#### Recorded information:
# # # # #

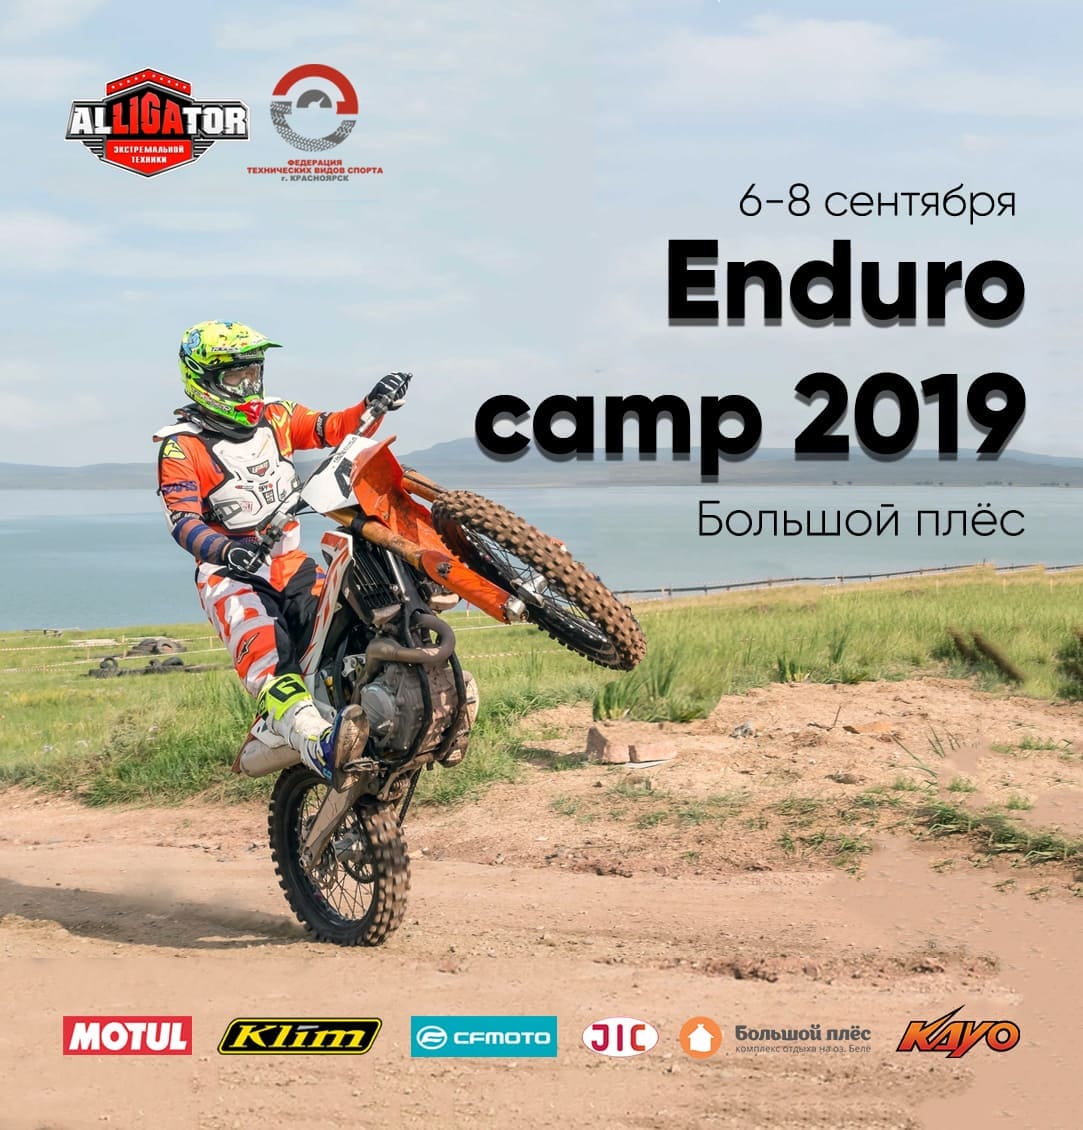 Enduro camp 2019
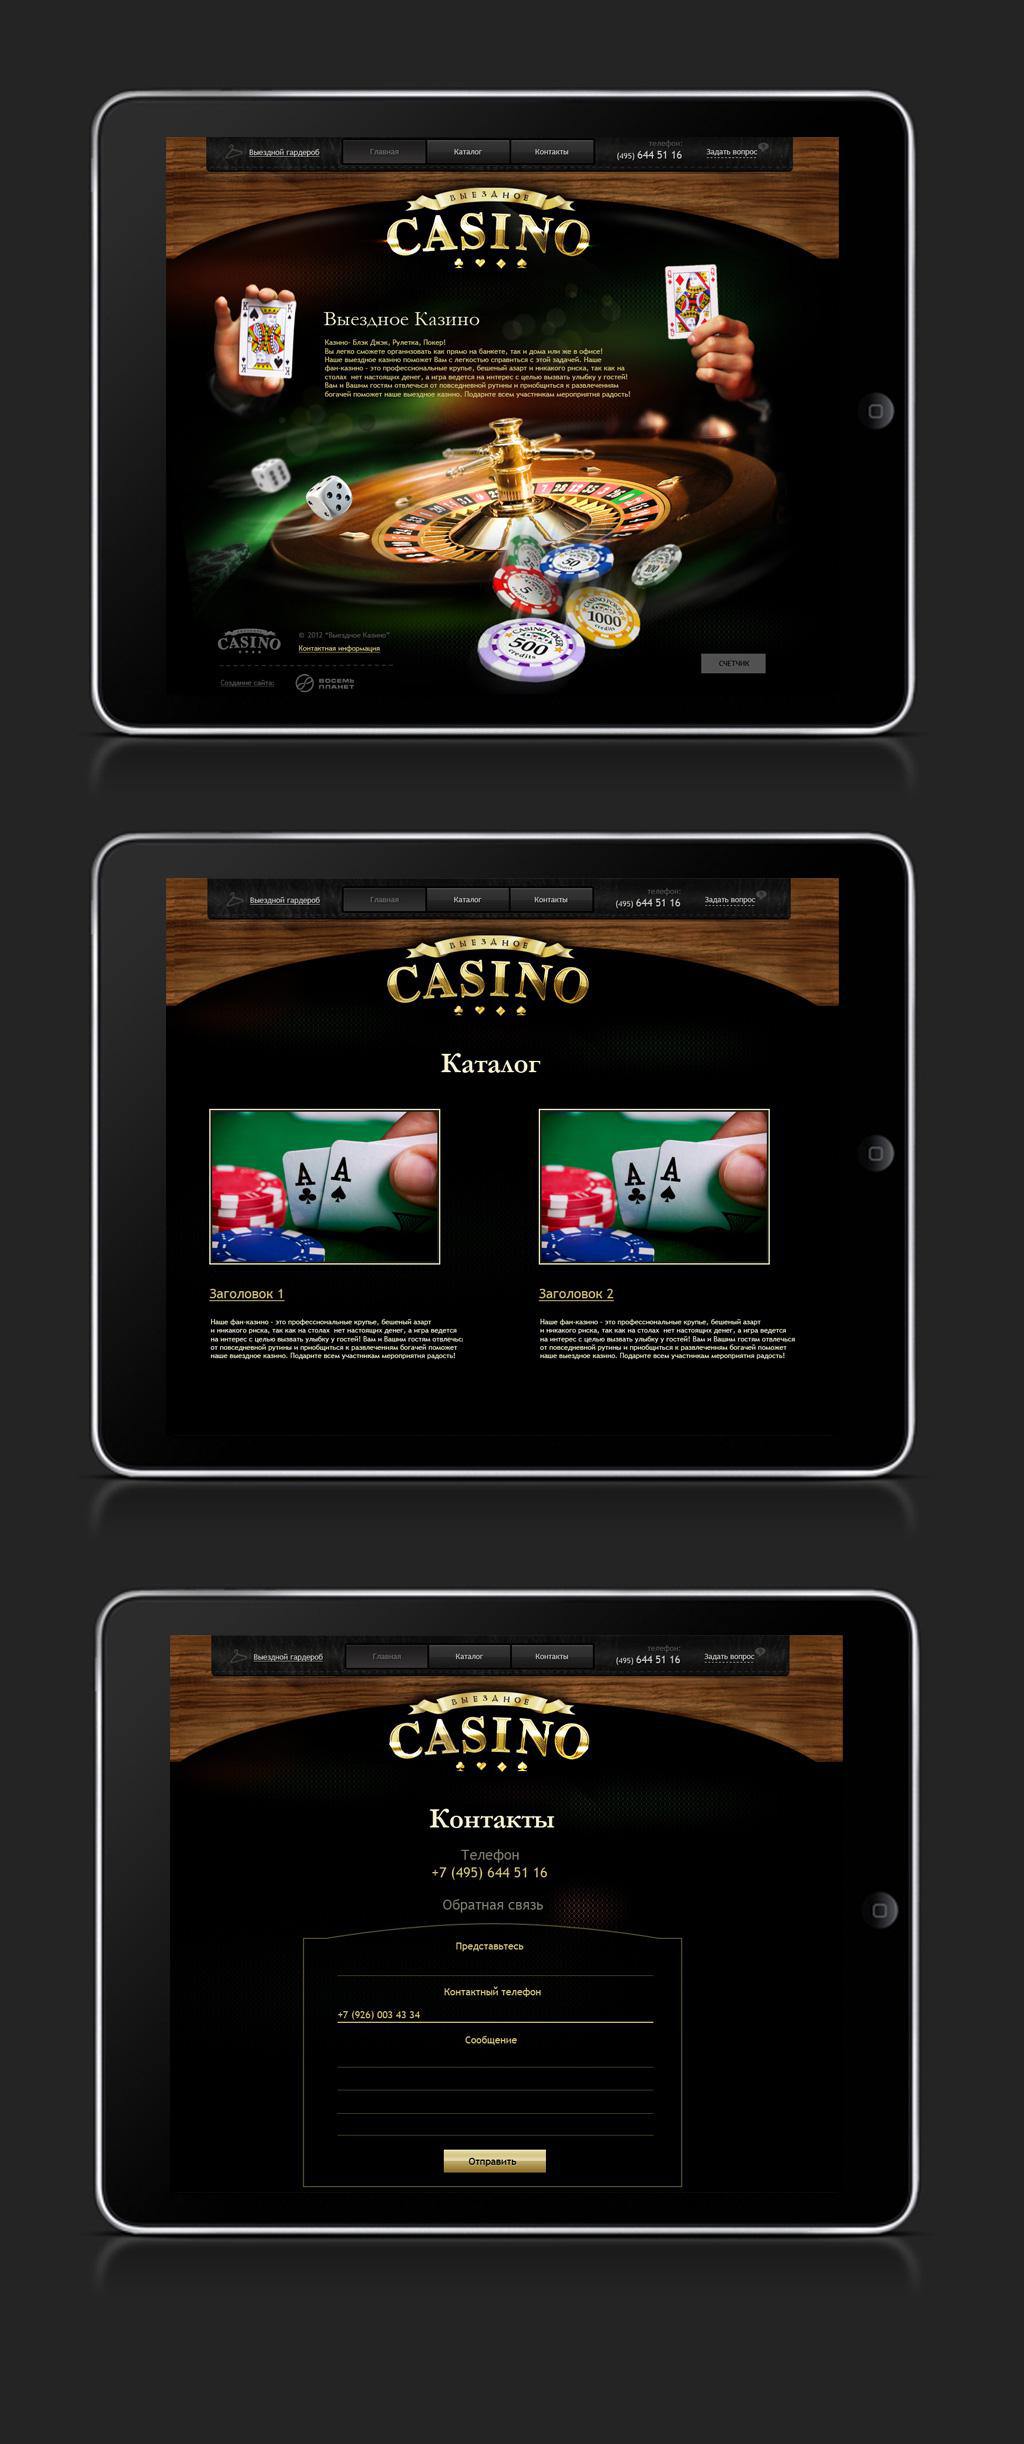 Casino 495 best casino online betsofa
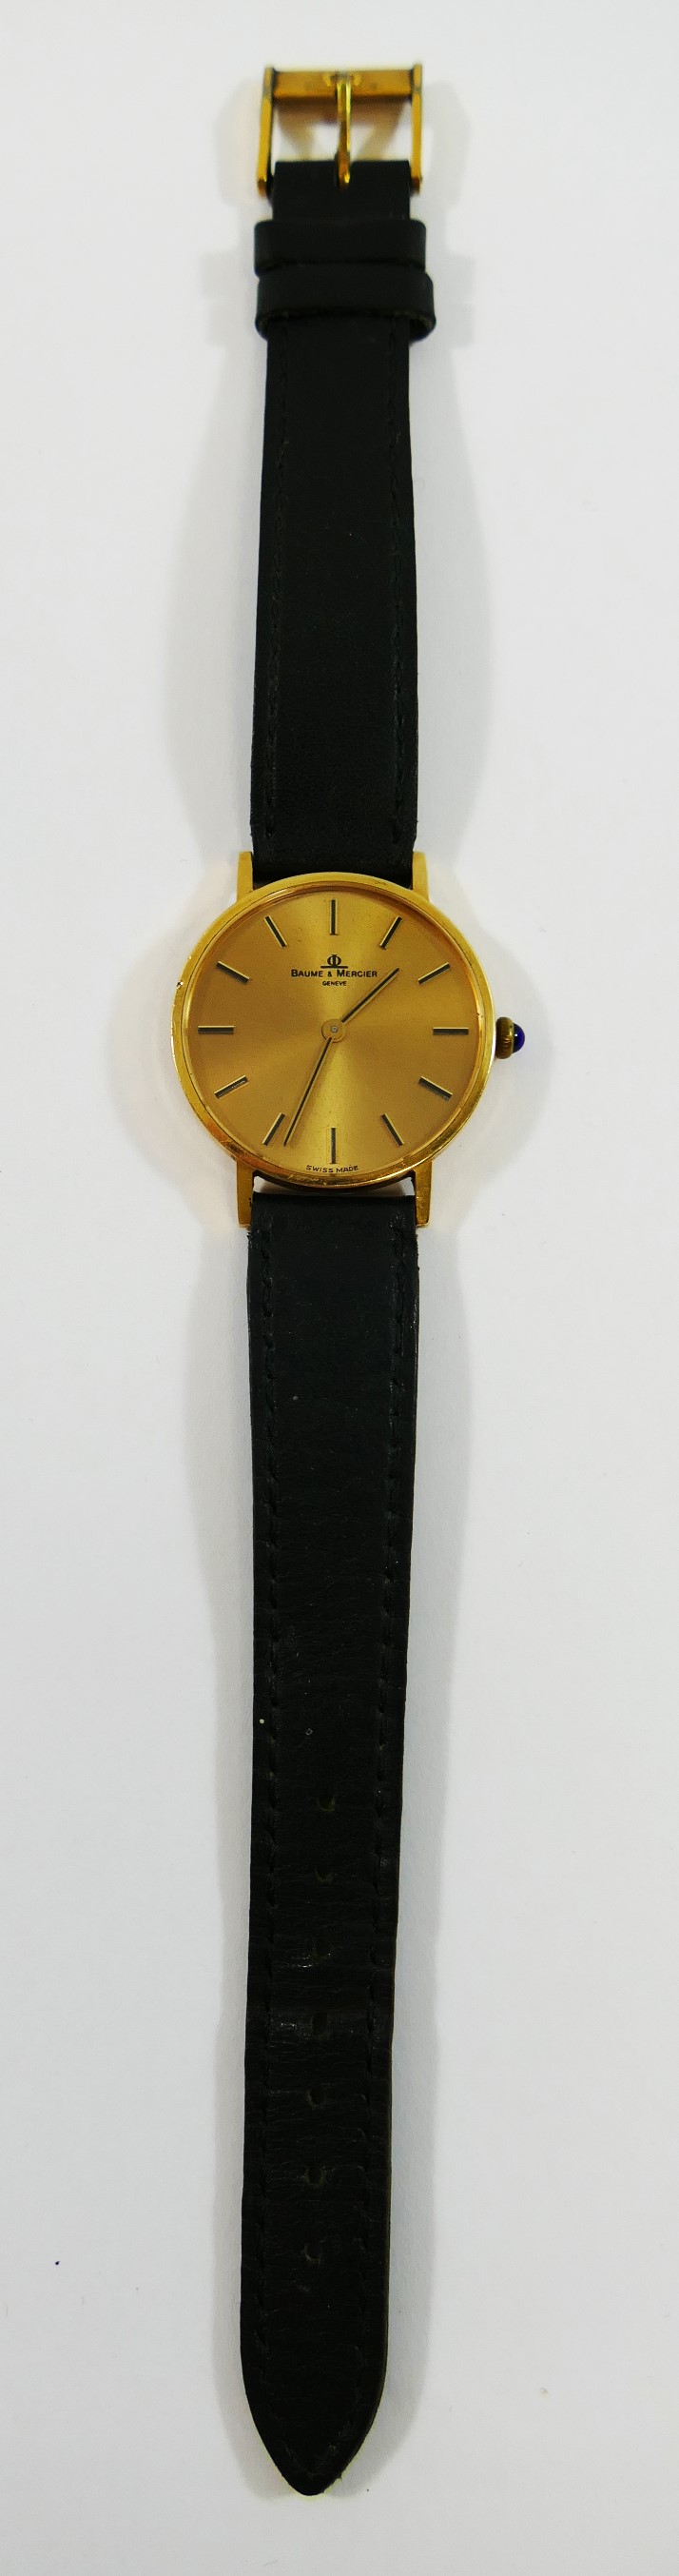 A Baume and Mercier gentleman's wrist watch, in yellow metal case, - Image 3 of 3

# # # # #

Quote the full listing above word for word; exclude every picture from the copy.

 Enduro camp 2019
 Casino 495 best casino online betsofa
 A Baume and Mercier gentleman's wrist watch, in yellow metal case, - Image 3 of 3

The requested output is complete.